Exercise –
The lines from the one holding "cutting eucalyptus clippings" to the final line of the listing below are to be duplicated exactly, with both ends included and pictures omitted.

Given data –
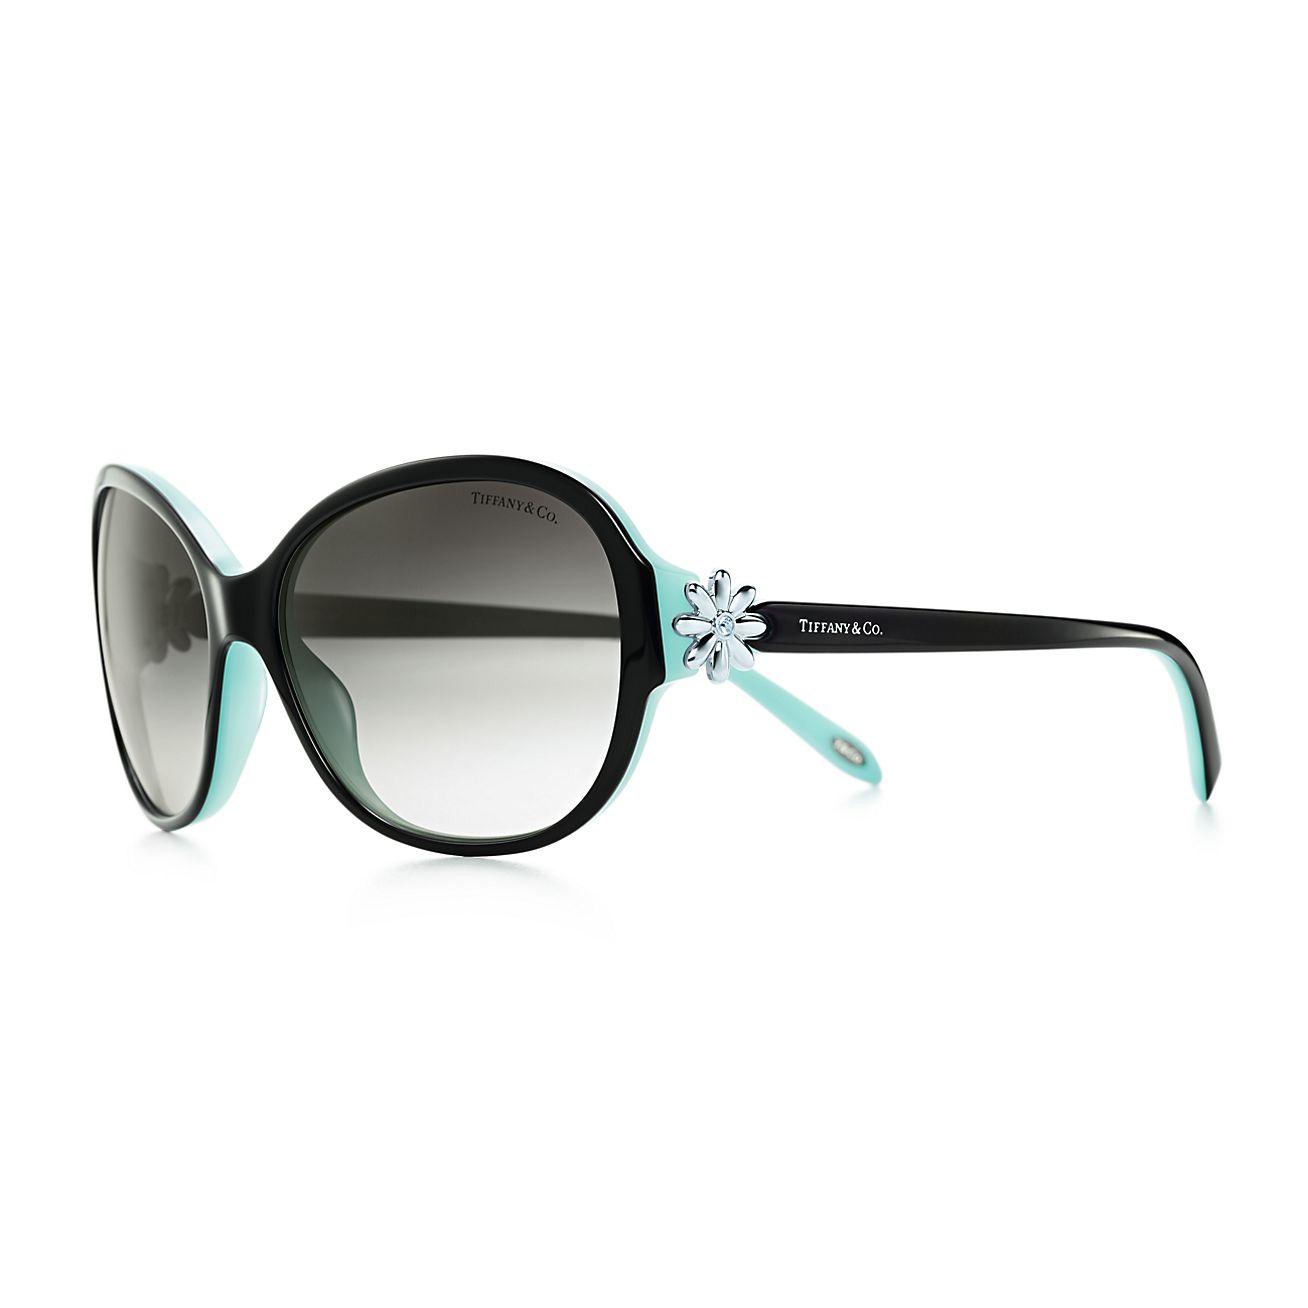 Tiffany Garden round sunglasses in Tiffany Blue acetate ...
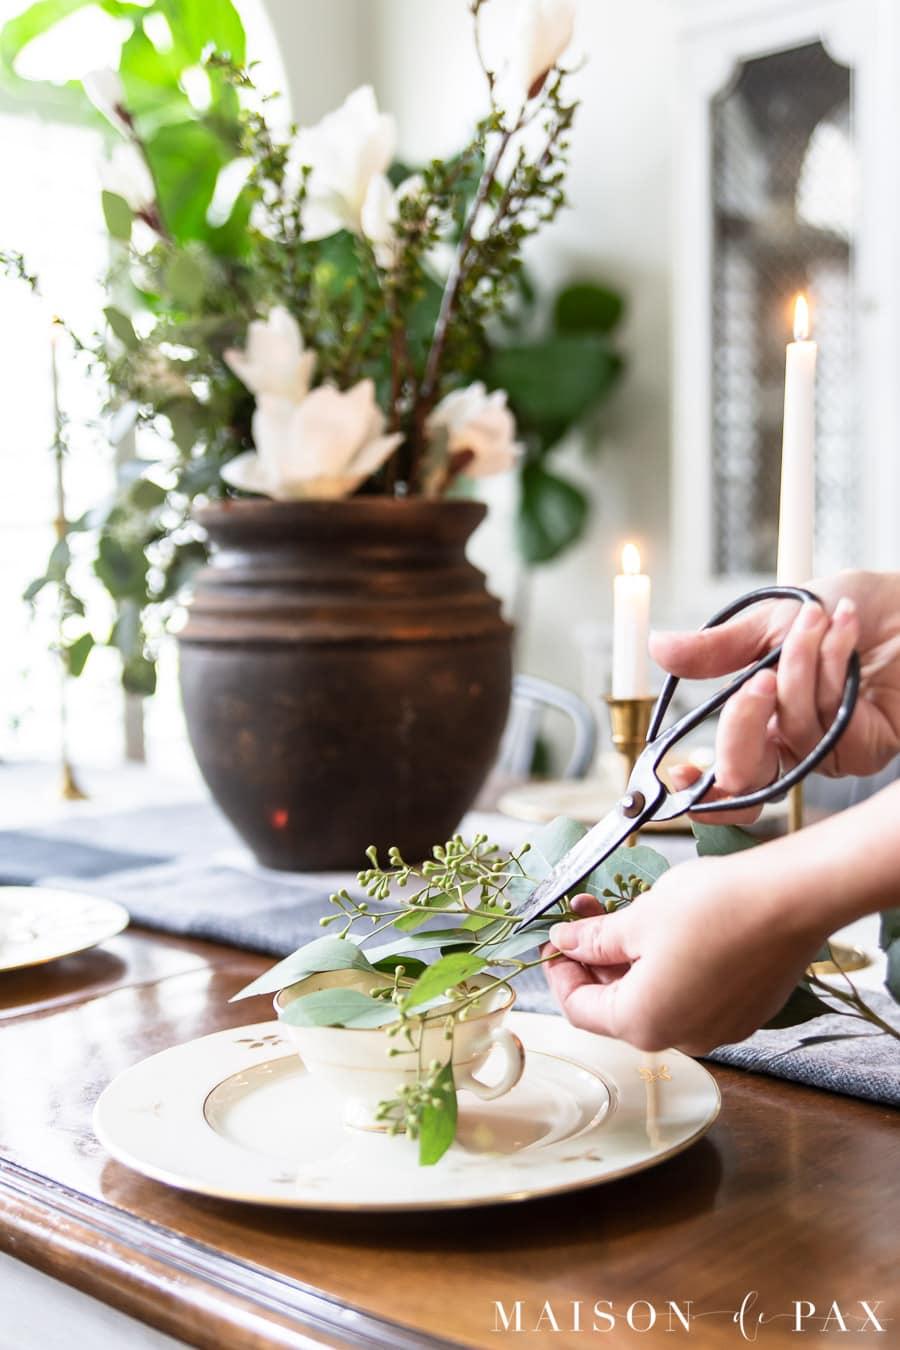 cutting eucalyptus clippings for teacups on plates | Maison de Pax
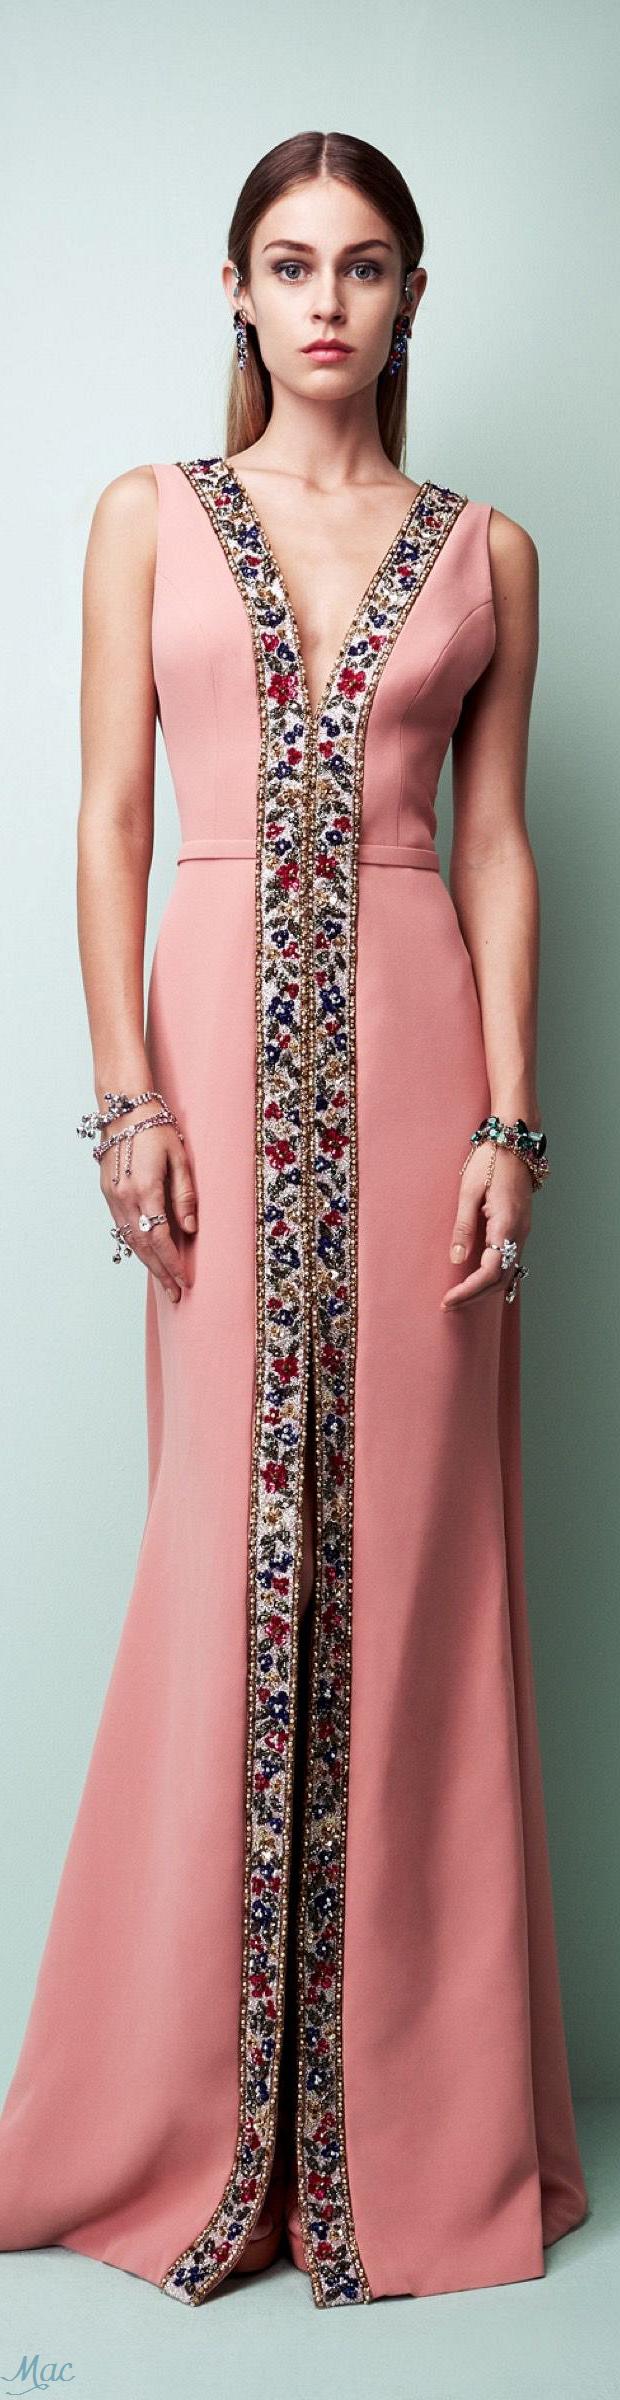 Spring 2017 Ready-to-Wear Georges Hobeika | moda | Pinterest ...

Result of the task –
 cutting eucalyptus clippings for teacups on plates | Maison de Pax
 Spring 2017 Ready-to-Wear Georges Hobeika | moda | Pinterest ...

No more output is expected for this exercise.